As a result, it's no surprise that Warren Buffett's company, Berkshire Hathaway, dedicated almost 50% of its portfolio to the high-growth industry. Meanwhile, the company's portfolio posted a nearly 20% compound annual gain from 1965 to 2023 and is now worth $371 billion.

Berkshire Hathaway's success shows it's never too late to invest in tech and profit from its long-term growth. So here are two hypergrowth tech stocks to buy in 2024 and beyond.

1. Nvidia

Chipmaker Nvidia (NVDA -1.54%) has been featured in countless headlines over the last year after becoming the poster child for a boom in AI. In 2023, the company cornered the market on AI chips, achieving an estimated 90% market share in AI graphics processing units (GPUs), while rivals like Intel and Advanced Micro Devices scrambled to catch up.

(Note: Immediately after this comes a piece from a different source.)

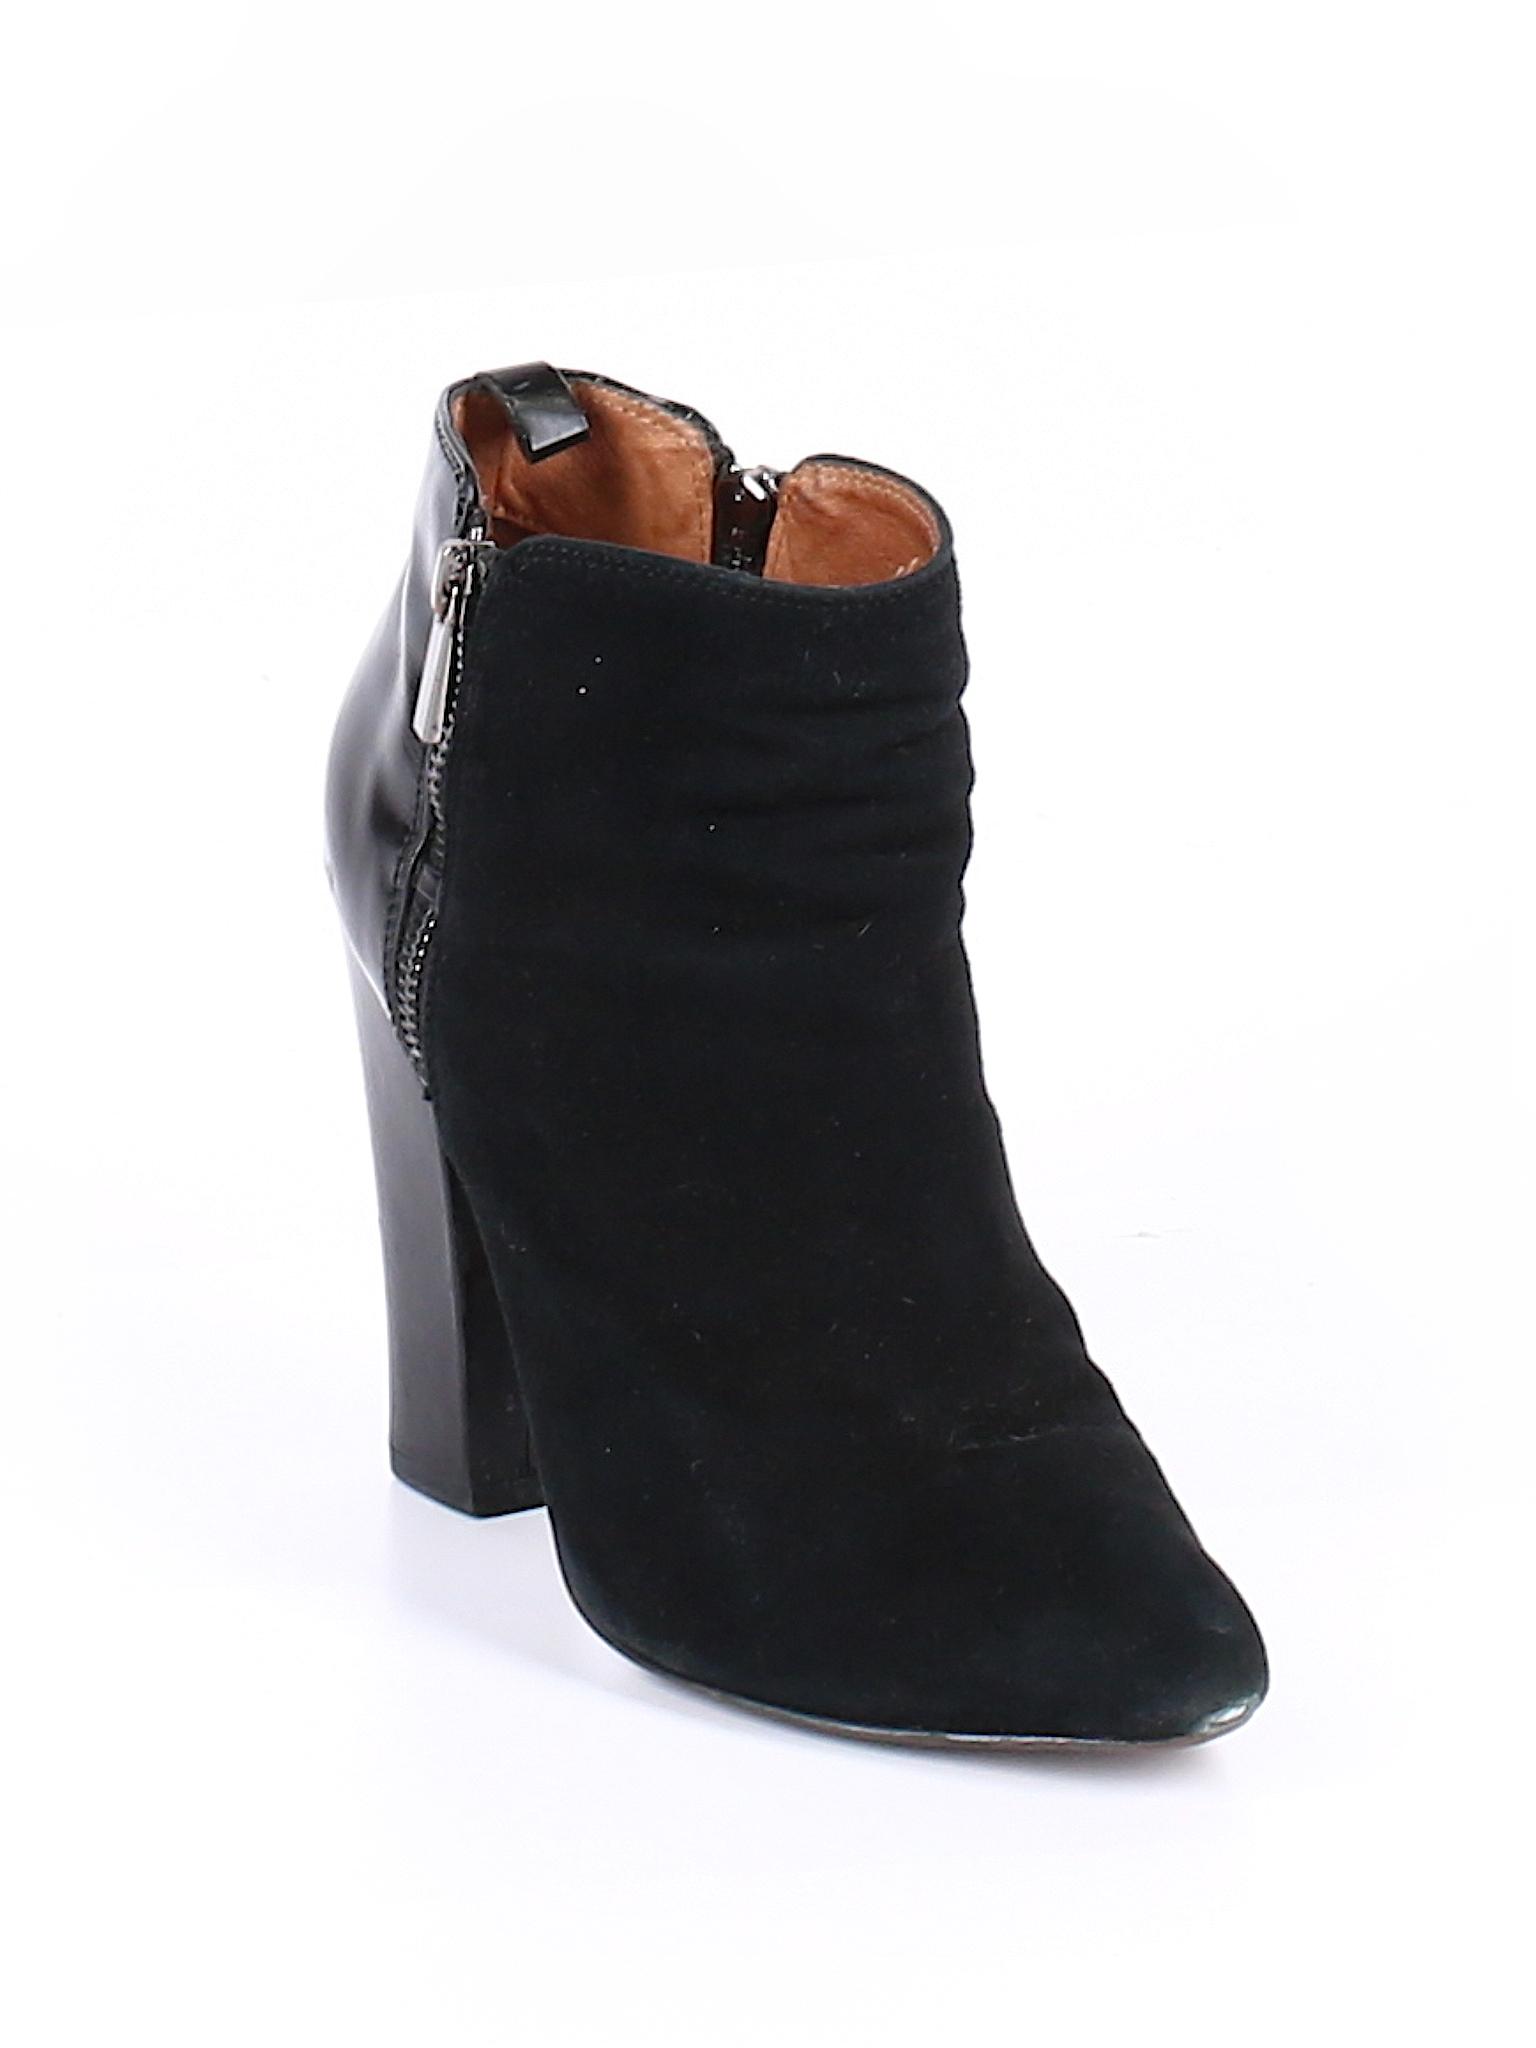 promotion Boutique Ankle promotion Halogen Boots Boutique Halogen BgxqTf

Nvidia's success in the sector has seen its earnings hit record heights from quarter to quarter, with growth showing no signs of slowing. In its fourth quarter of 2024 (which ended in January), the company's revenue increased by 265% year over year to $22 billion. Operating income jumped 983% to nearly $14 billion. The meteoric rise was primarily thanks to a 409% increase in data center revenue, reflecting a spike in AI GPU sales.

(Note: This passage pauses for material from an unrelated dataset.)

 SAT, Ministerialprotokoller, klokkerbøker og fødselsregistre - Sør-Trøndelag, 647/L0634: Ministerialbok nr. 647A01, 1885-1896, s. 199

Additionally, Nvidia's free cash flow is up 430% in the last year to more than $27 billion, significantly higher than AMD's $1 billion and Intel's -$14 billion. So, despite new GPU releases from both competitors, Nvidia's head start in AI potentially pushed the company further ahead, providing it with more significant cash reserves to continue investing in technology and retain market supremacy.

Nvidia's price-to-free-cash-flow and price-to-earnings (P/E) ratios plunged in the last year, indicating its stock is at one of its best-valued positions in 12 months.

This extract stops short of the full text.